Create the family you want to have

Two things your kids tell their therapists about you

Peers become important in middle childhood and...

Before I tell you what your children are telling me, let me say, I’m a child therapist and what your children are telling me about you might surprise you.  Keep in mind that I work mainly with children who have a history of trauma and/or attachment issues.  I see children with depression and anxiety too.   Your kids with attachment issues don’t tell me these things with words, but if you have a child like that, you know, they tell you things with actions.   You know your kids that you send to me?  The ones you would do anything for?  The ones you are so worried about?  I’m going to tell you two things they all tell me about you:

  1.  You need to take better care of yourself.  Now, if I had titled this blog “self-care for parents” you probably wouldn’t have read it, right?  But now you are, so please take a moment to remember your own childhood and ask yourself the following questions:
    1. What did you want from your parents that you didn’t get?
    2. Would you have been more likely to have gotten that from your parents had they taken more time for themselves that involved introspection and self-care?

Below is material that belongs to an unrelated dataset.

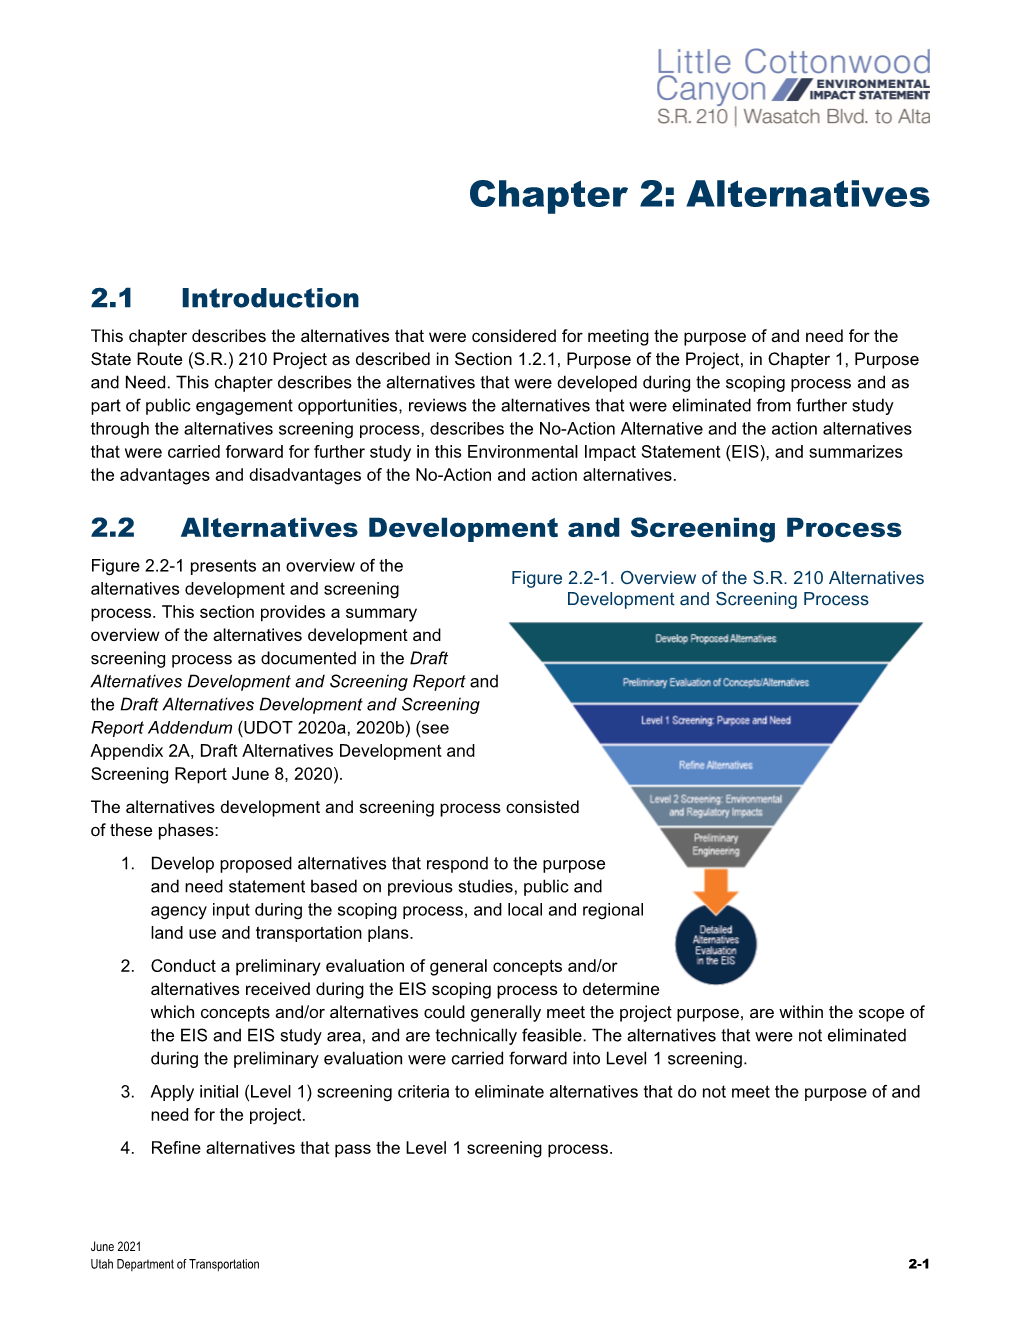 LCC DEIS Chapter 2 – Alternatives
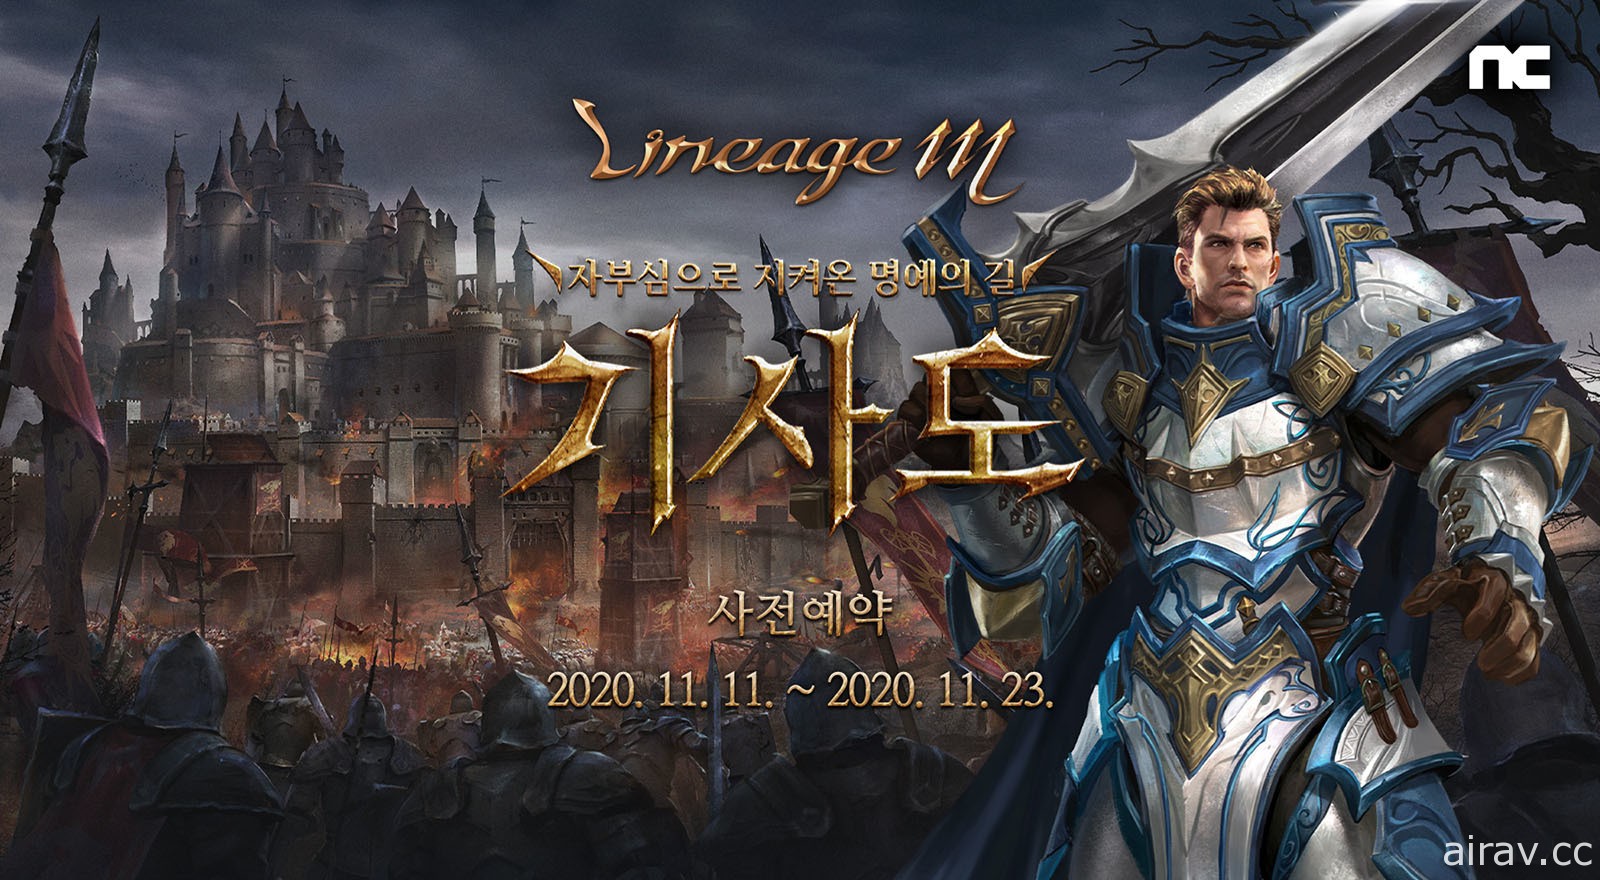 《天堂 M》韩版开放“骑士道”改版事前登录 预计 11 月 24 日实施更新

If your answer is yes to either question, then guess what?  It’s true for your children also.  If you happen to be the parent of a child with attachment issues, you have to know self-care is of the utmost importance for you since those children tend to be, shall we say…very unrewarding.  I know, I know, you are one of those parents that is going to tell me you will take care of yourself when the kids are okay, right?  I have news.  There is this thing called attunement that makes it so that whole idea doesn’t fly.  Basically, when you are not okay, neither are your kids.  You know this is true if you were ever a kid with parents who were not okay.  Your attachment disordered children, if you have them, do not say these words out loud, instead, they tell you with their behavior by being even more miserable to you when you are not okay as a way to show that they are worried about you.  Every parent I have ever worked with who has a child with attachment issues finds that when they are doing better, so are their children.  Coincidence?  I think not.  Interested in learning more about actual ways to feel like you are taking care of yourself?  Stay tuned for more blogs about parental self-care and please- don’t skip them…do it for the kids.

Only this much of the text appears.